In an interview with Al-Jazeera following the resignation, Bishara said he was aware that the step would end his parliamentary immunity and that his status would be that of a regular citizen, such that Israel could arrest him or demand his extradition.
He added that he has “no intention of hiding.”
Bishara, who left Israel about a month ago, added that he has no intention of being far from his homeland.
“I will no doubt return, but I will choose the timing of my return by myself,” he said. “This depends on many factors, including consultations with my friends in Israel and in the Arab world.”
Bishara said he would not allow Israeli security officials to “decide the rules of the game for him,” and that he wanted to set the rules himself.
“Now I have become an ordinary citizen,” he said. “Now there are new rules for the game in which I define the limits, rules where the investigation does not touch my ideological and political position nor my social standing within the Palestinian people.”
Bishara was quoted Saturday as saying in Egypt that he was considering staying abroad because he feared a long jail sentence and an end to his political career.
A fiery Arab nationalist lawmaker, Bishara told a group of Egyptian intellectuals late Saturday that he might not return to Israel, to avoid a trial.
“I will not venture going back while these threats still stand,” Bishara was quoted as saying by the intellectuals meeting with him.
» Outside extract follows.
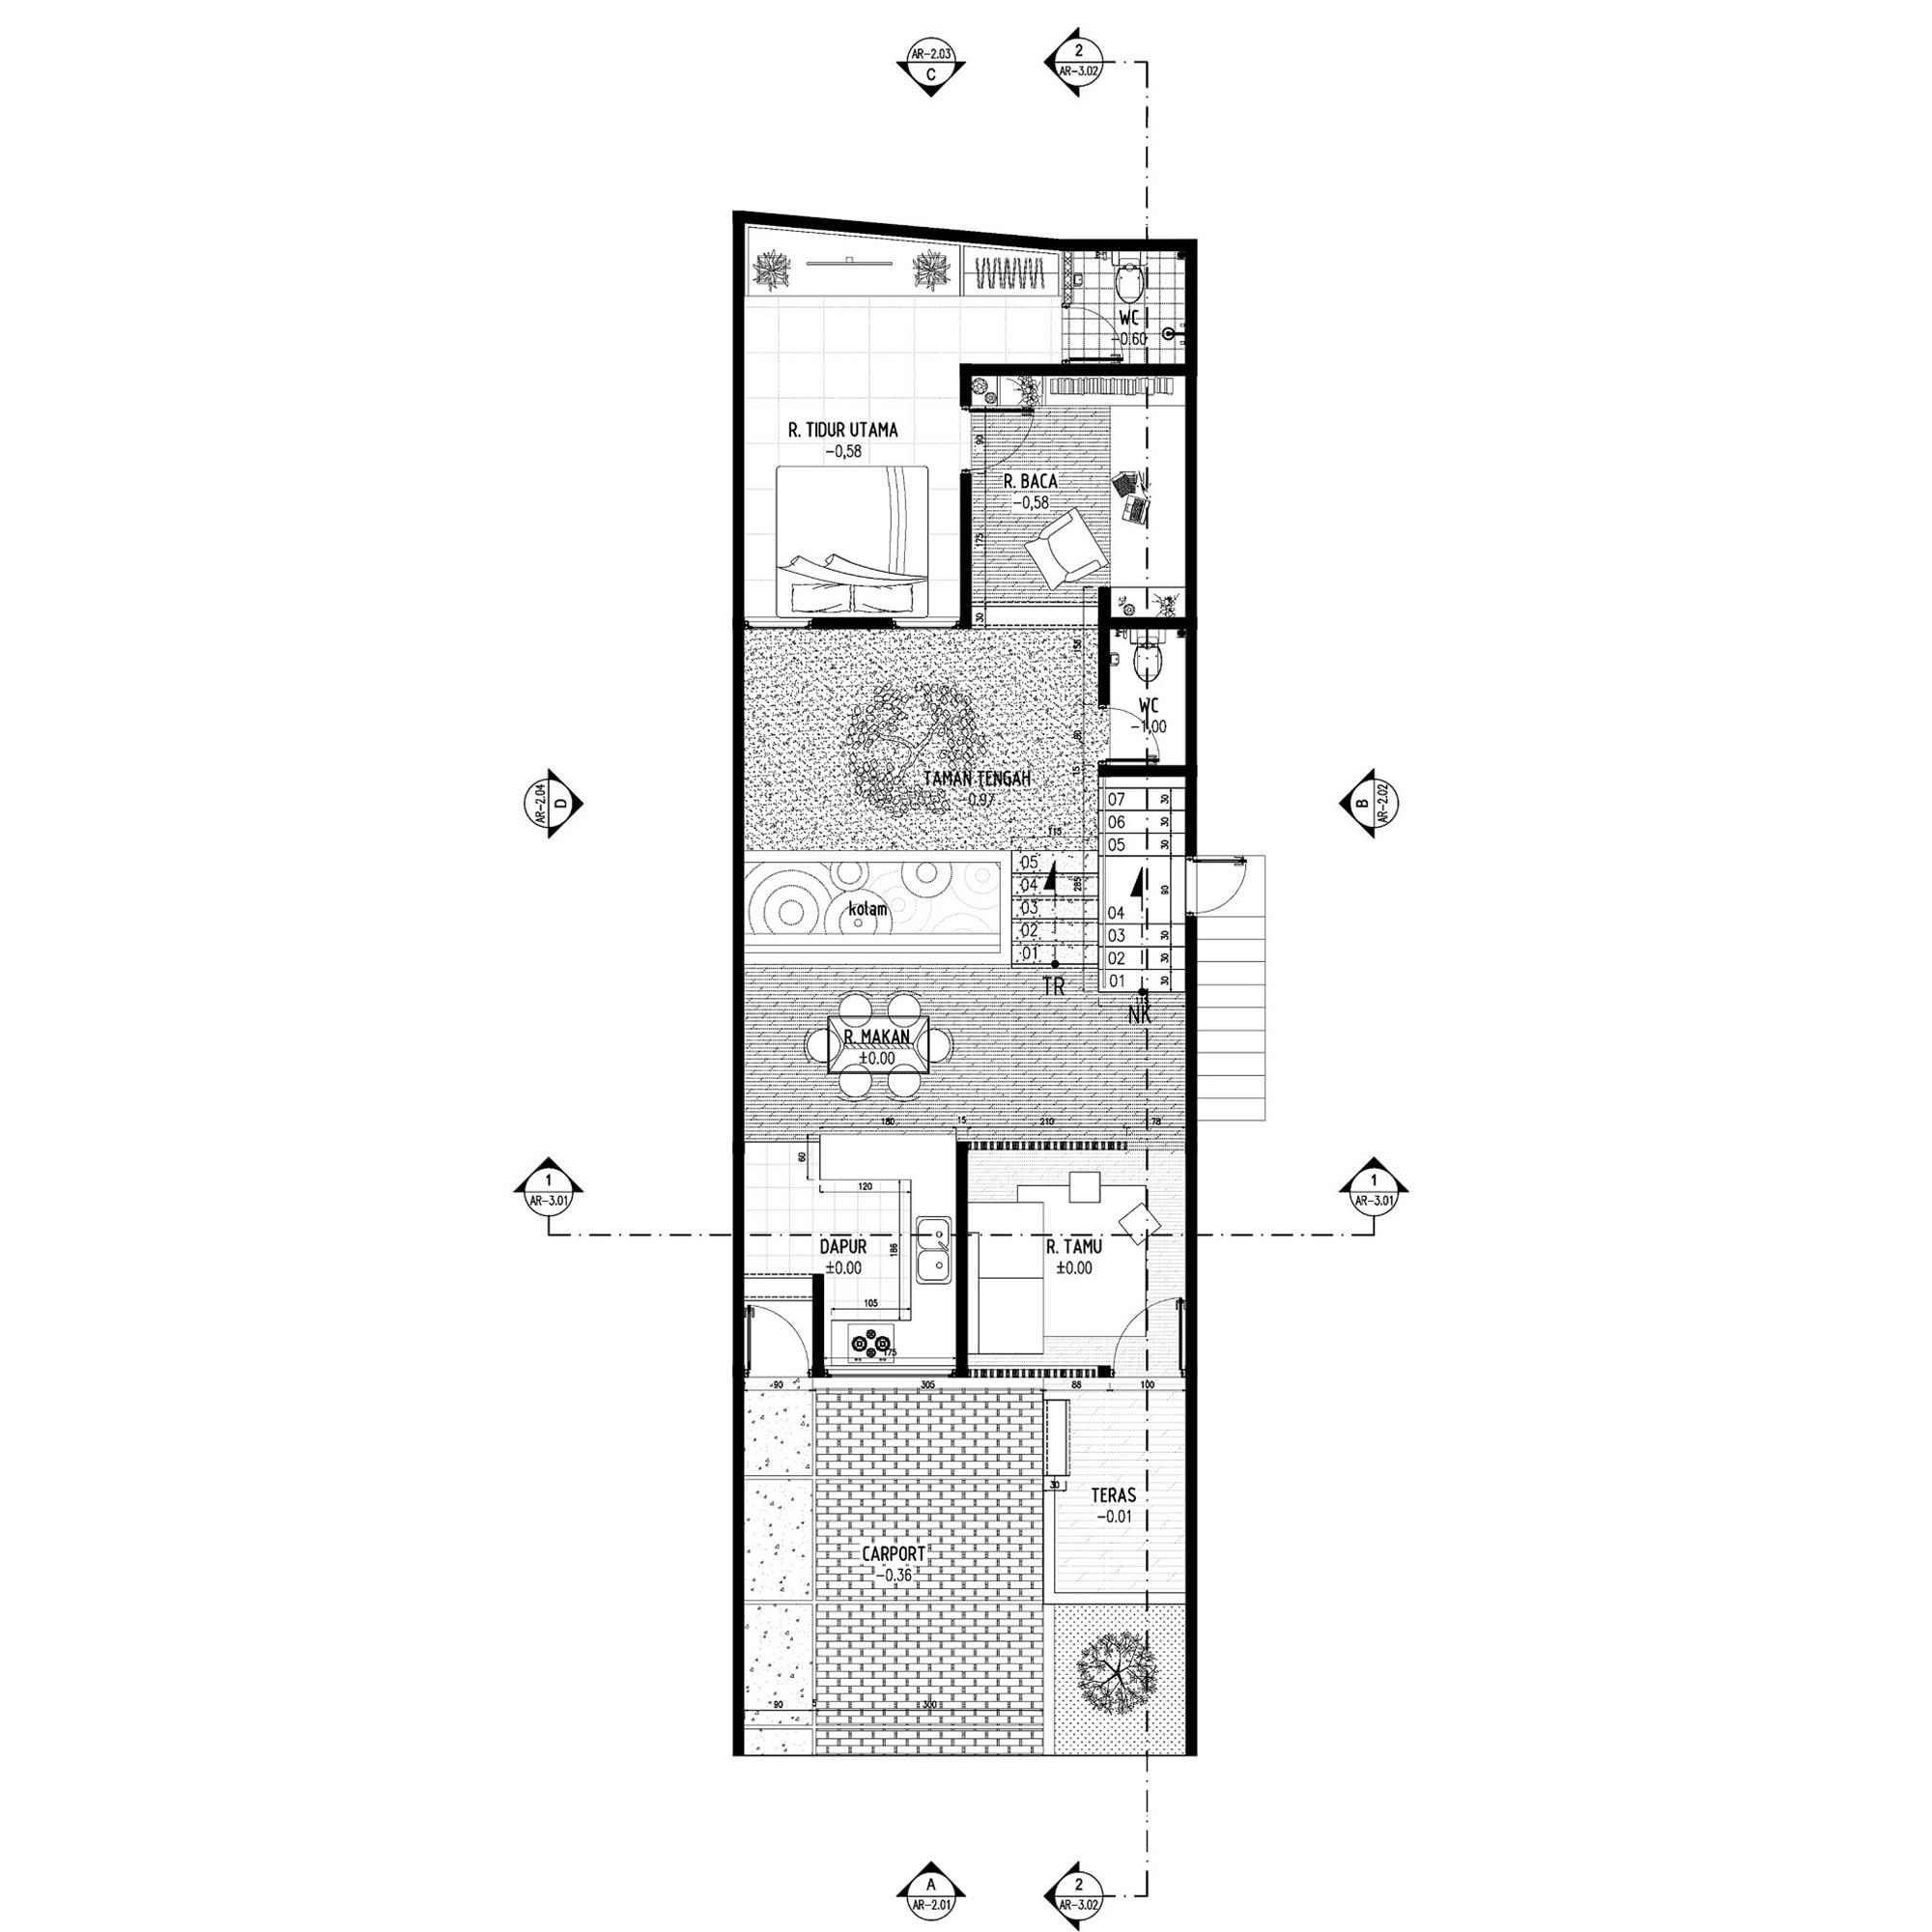 J N BOARDING HOUSE - UPLOAD WEB - 308PER188 (5)

They spoke on condition of anonymity because of the sensitivity of the issue.
Personally, I don’t think I would’ve made the choices Bishara did. But I cannot fault him because there are risks and advantages to any choice he might make. I would’ve preferred that he dare the Shin Bet to charge and prosecute him and that he dare the Knesset to remove his immunity. I would’ve embraced prison if I lost in precisely the way that Marwan Barghouti has. No doubt, he would’ve emerged from imprisonment a lion of his people and its future political leader. It seems clear that one day Barghouti is destined to become president of Palestine. And who knows, had he stayed, Bishara might’ve been destined to become a future prime minister or president of Israel. Certainly were this ever to happen it would have to be a much differently constituted Israel than at present. But much stranger things have happened.
By resigning and remaining out of the country, Bishara takes a calculated gamble that he can make the Shin Bet pay in other ways for its persecution. First, it cannot get to him. Second, he is free to lecture and build a political movement outside Israel in the Arab diaspora. He will undoubtedly be welcomed as a martyr in whatever Arab communities he visits. He will be the DeGaulle of the Israeli Arabs. Though self-exiled, this will be little noted among his supporters. For them, his exile was precipitated by Shin Bet persecution.
I predict that both the Shin Bet and Israeli government will live to regret this entire episode. While it is possible that Bishara, uprooted from his people and country, will fade into irrelevance, I wouldn’t bet on it. I’d bet the other way. Unfortunately for the Israeli intelligence establishment, they usually bet the wrong way on these wagers as they did in Lebanon last summer. And I believe they bet the wrong way this time. Bishara will write a book. It will sell millions of copies. He will do TV interviews all over the world. He will write op-eds in the world’s major newspapers. He will address parliaments (not the U.S. Congress of course–that will probably take a decade or so). He will raise funds, create a diaspora nationalist Arab movement.
I don’t know how much of the above will happen. But I don’t think I’m far off. All the Shin Bet has done has created a legend. Whether you love Bishara or hate him, the secret investigation and hounding will have precisely the opposite effect of what Israel hoped. He will not be silenced. He will not be rendered ineffective. He will not be shamed before his people.
But if I were the Shin Bet I’d start smearing him now as fast and loudly as I could before his reputation has a chance to take hold on a world stage. Get all that dirt out on him that you have. Prove to the world that he’s a heel, a charlatan, a thief. Whatever. I don’t think it will persuade many other than Israel’s partisans. But they oughta try. Otherwise the Arab DeGaulle (also called the ‘Palestinian Herzl’ by Danny Rubinstein) will take shape before their very eyes.